The net number of jobs AI is eliminating each month is shrinking. That sounds like good news. It isn’t — at least not for Gen Z.
Two months ago, Goldman Sachs economists estimated that artificial intelligence was wiping out roughly 16,000 net U.S. jobs per month, with entry-level and young white-collar workers bearing the brunt. Goldman’s latest AI Adoption Tracker, released Friday, puts that net figure at around 11,000 jobs per month. Progress, on paper. But the reason the number improved has almost nothing to do with AI slowing its march through white-collar work. Rather, it has to do with hard hats and conduit wire — and the offset may not be so permanent.
Data center construction — the physical infrastructure required to run the AI systems displacing office workers — has added 212,000 jobs since 2022 and is now generating roughly 9,000 new positions a month, according to Goldman economists Sarah Dong and Joseph Briggs. That looks like electrical contractors, HVAC specialists, and utility and commercial building construction workers.

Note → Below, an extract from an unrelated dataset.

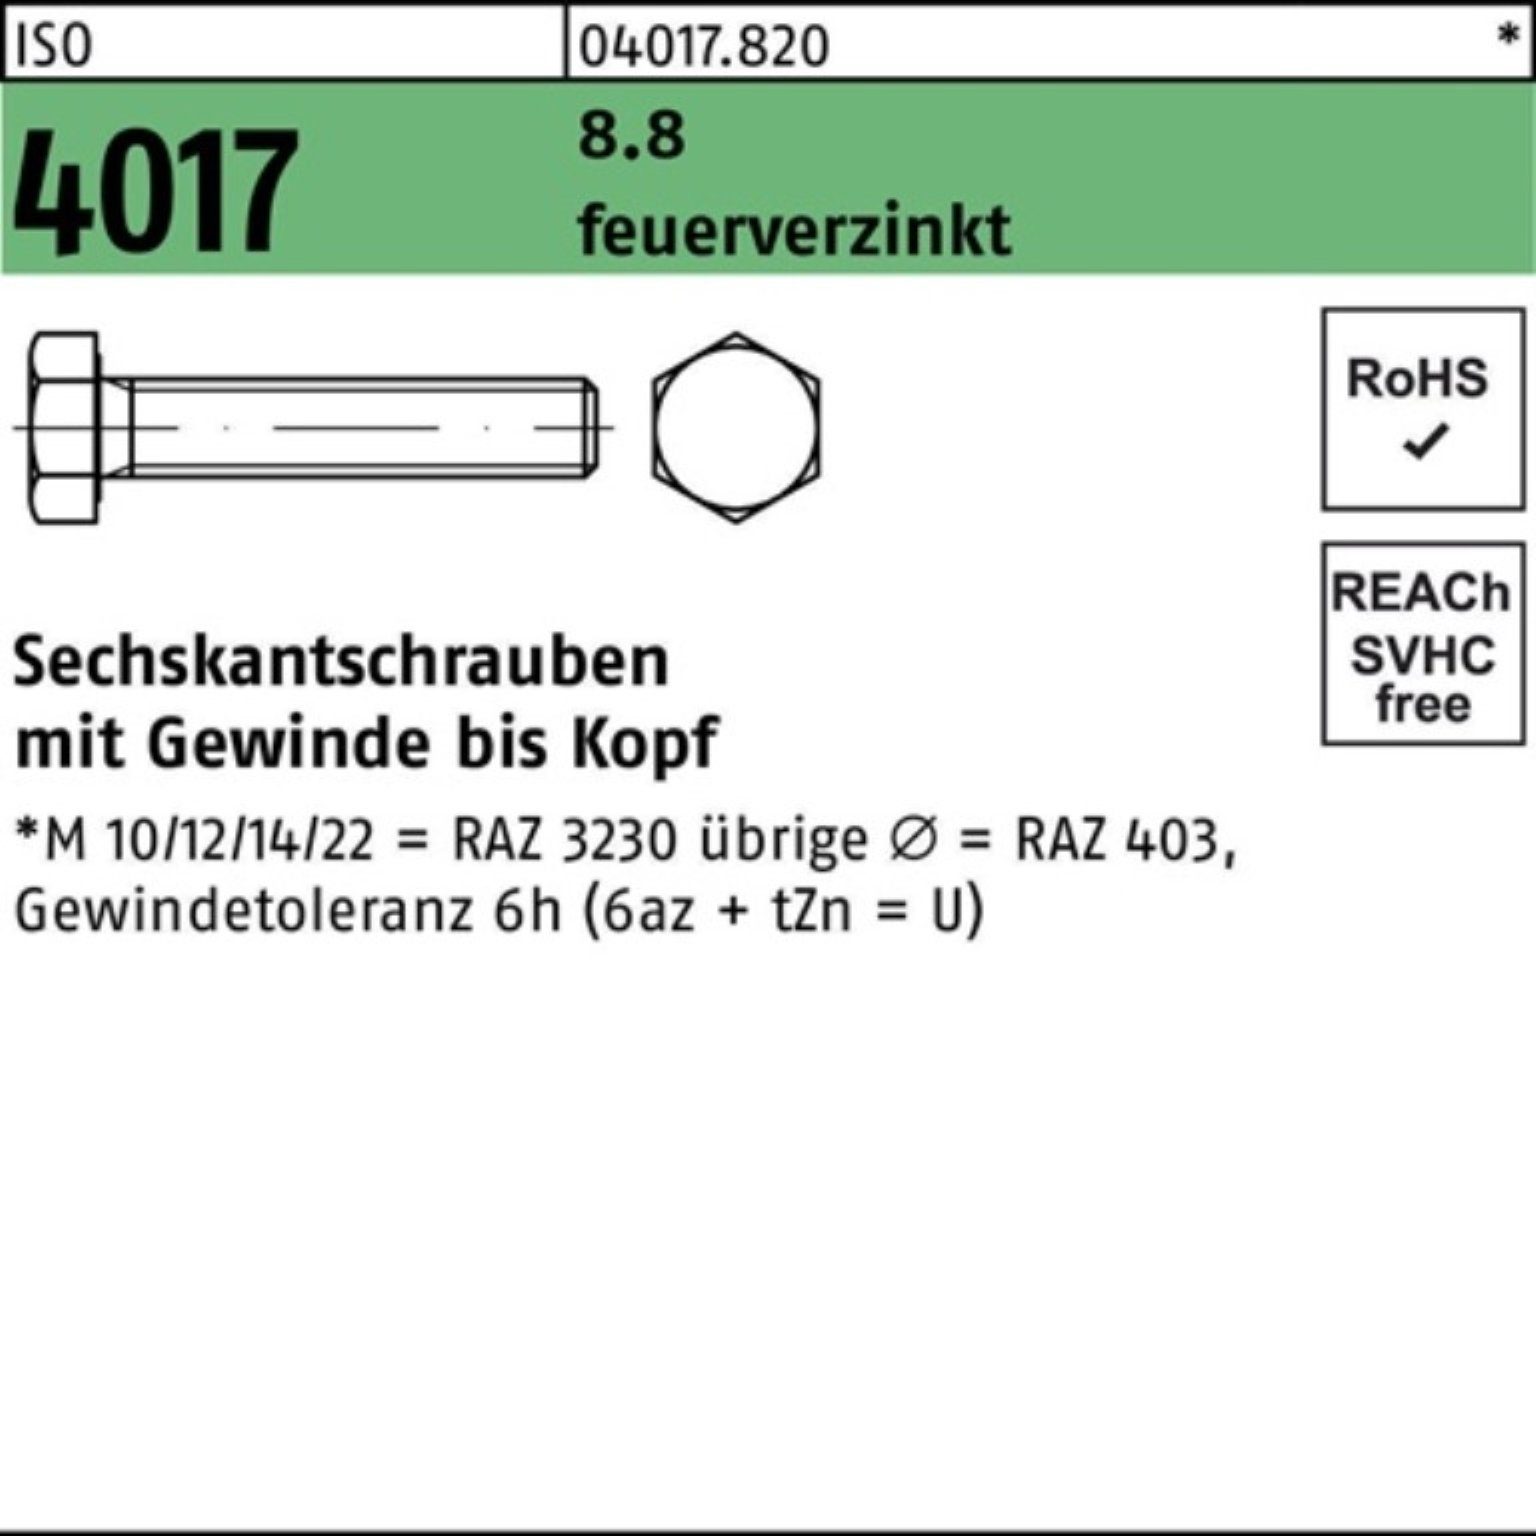 Bufab Sechskantschraube 100er Pack Sechskantschraube ISO 4017 VG M10x 90 8.8 feuerverz. 100 St

Experts who study the data center labor market, though, warn that these probably aren’t lasting jobs — once the data center buildout is done, employment shrinks. The American Edge Project estimates the data center boom will generate roughly 4.7 million temporary construction jobs — but only around 697,000 permanent operations positions. Once a facility is running, the ongoing workforce is lean: technicians monitoring servers, facility engineers managing cooling systems, security and maintenance staff.